### [WORK TASK]
In the material below, find the span from the line with "city prosecutor joins race - HD2000×1126" to the line with "Instrumentation services" and transcribe only those lines, exactly, ends included, without the pictures.

### [SOURCE DATA]
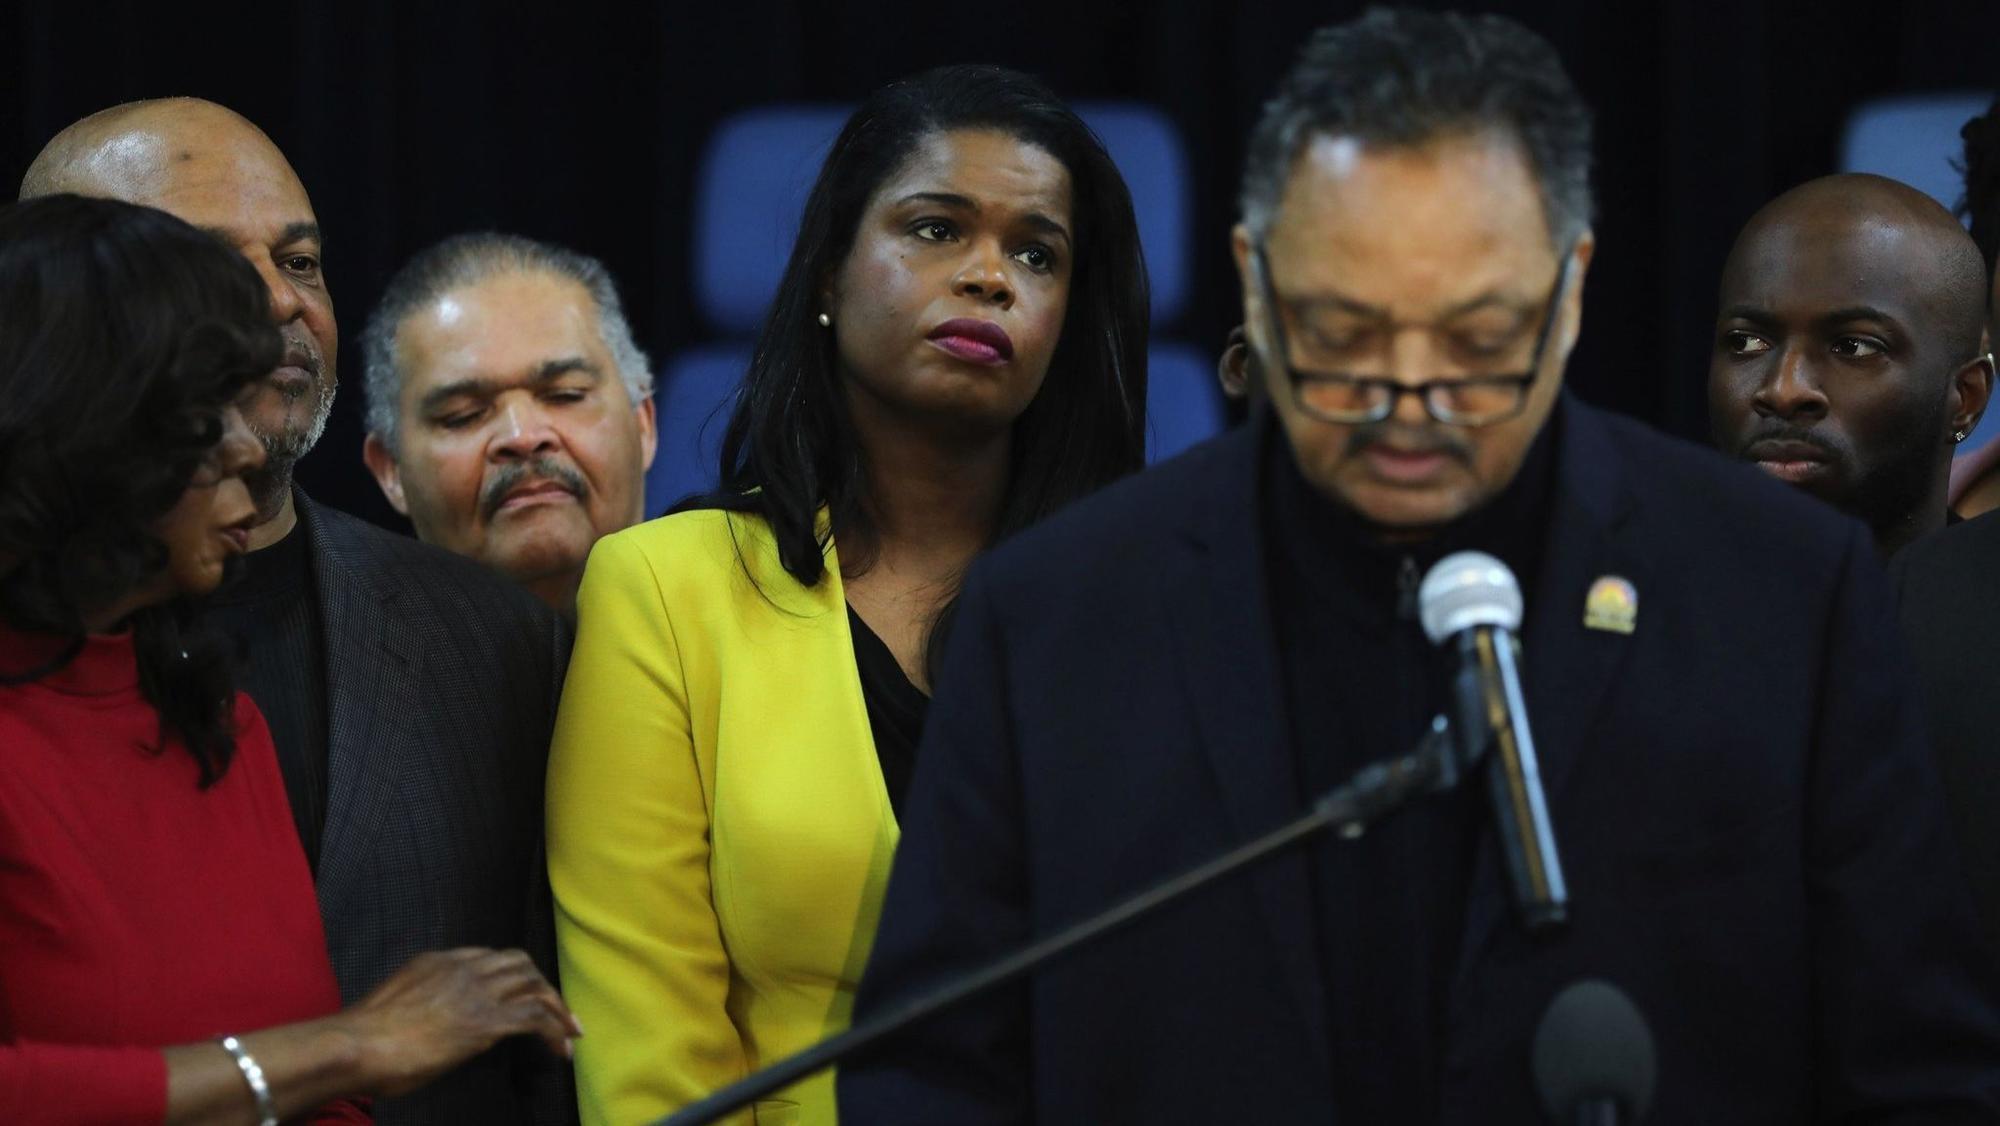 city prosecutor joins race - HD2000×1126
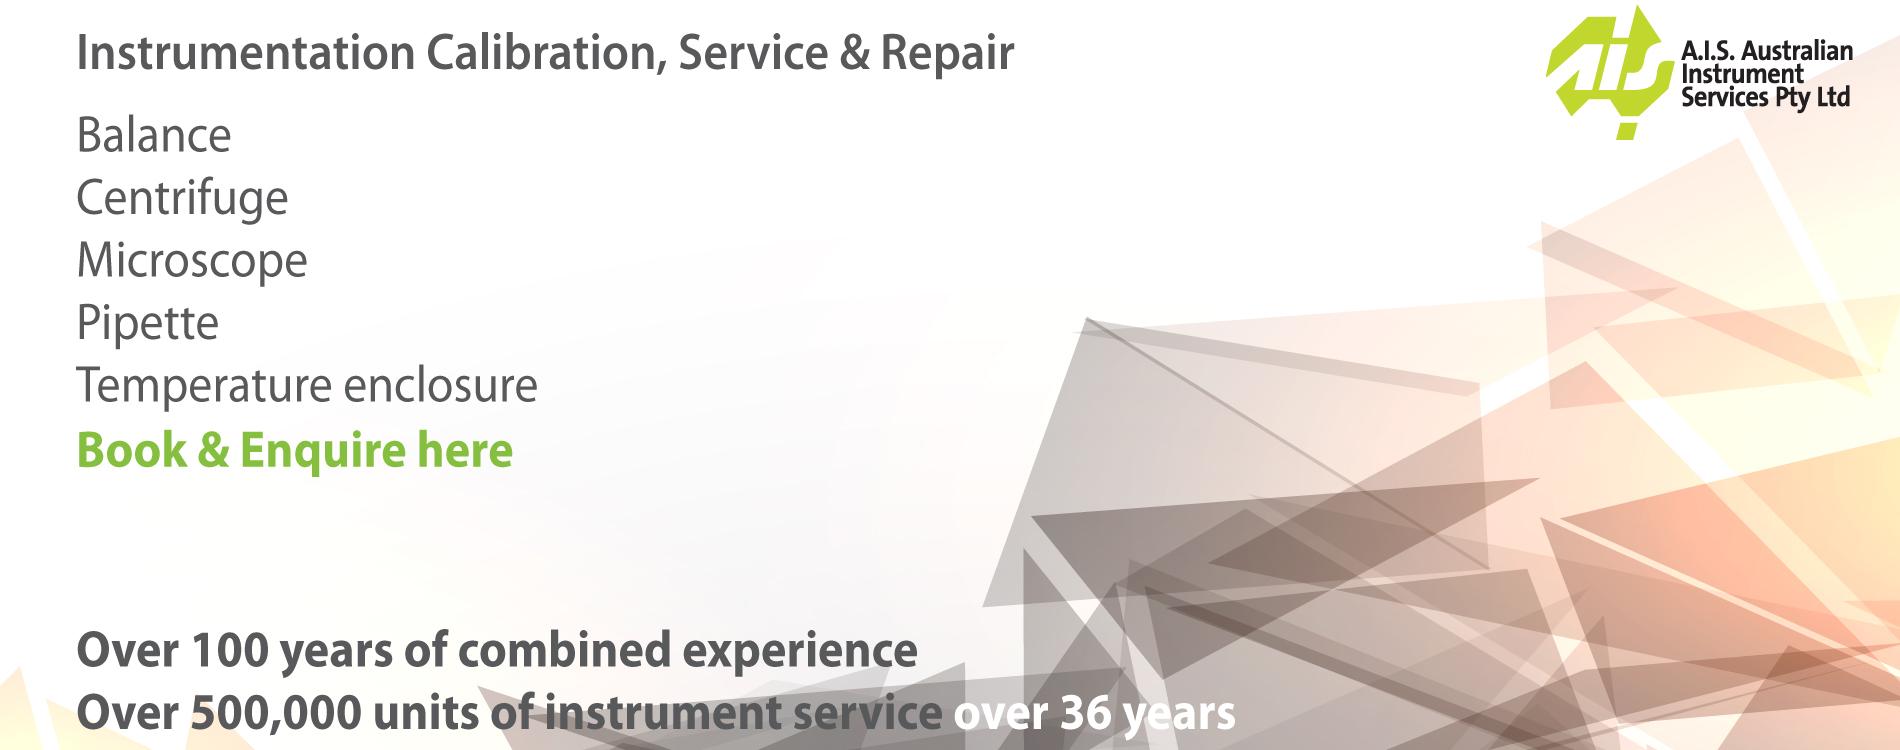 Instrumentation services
==
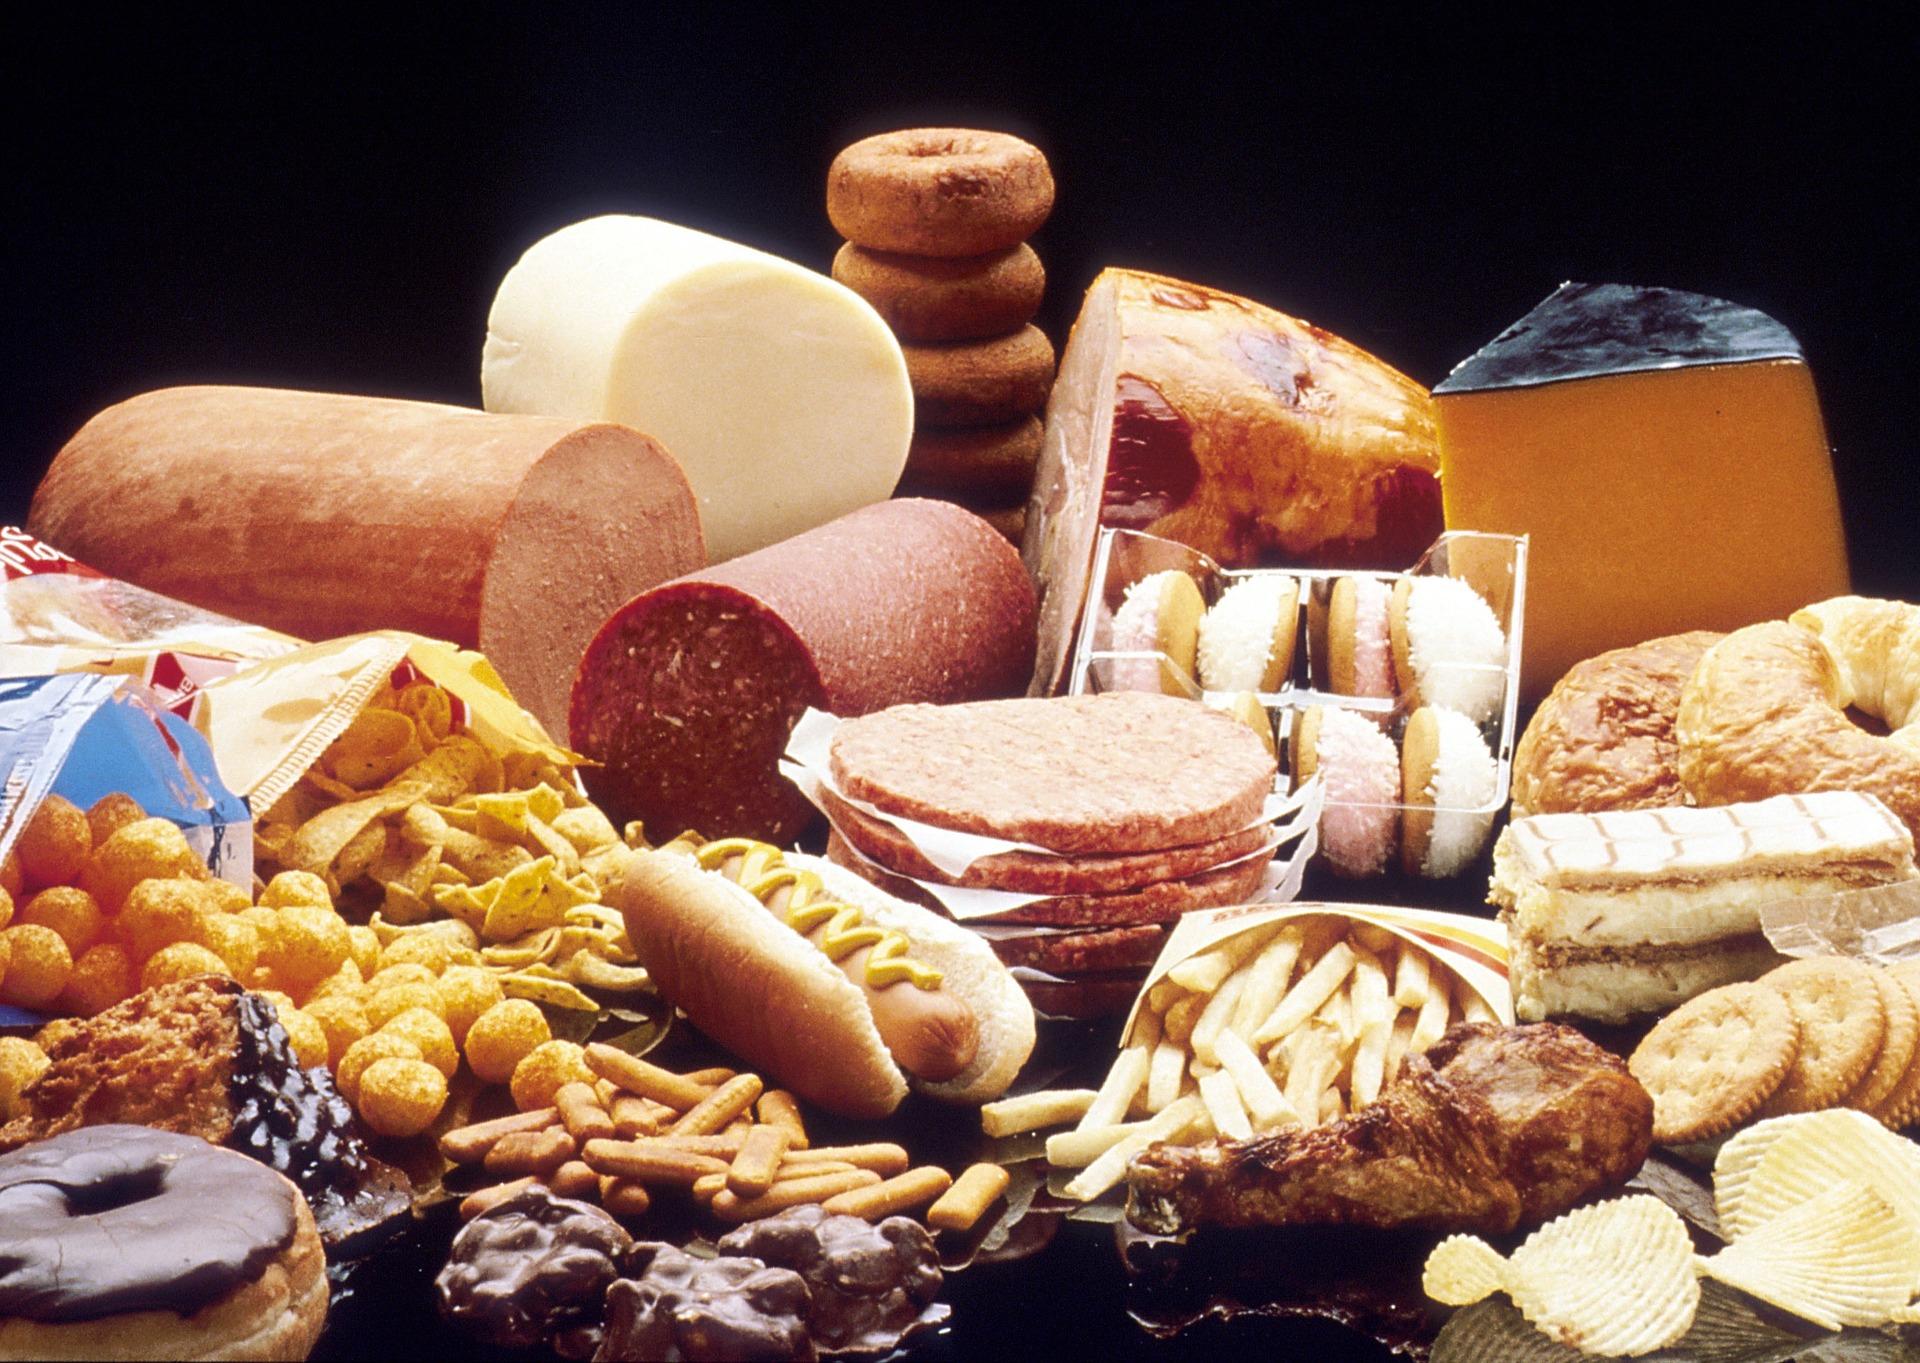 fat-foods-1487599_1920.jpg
---
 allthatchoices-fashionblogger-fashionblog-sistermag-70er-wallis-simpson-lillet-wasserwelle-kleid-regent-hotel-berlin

### [SOLUTION TO THIS PROBLEM]
 city prosecutor joins race - HD2000×1126
 Instrumentation services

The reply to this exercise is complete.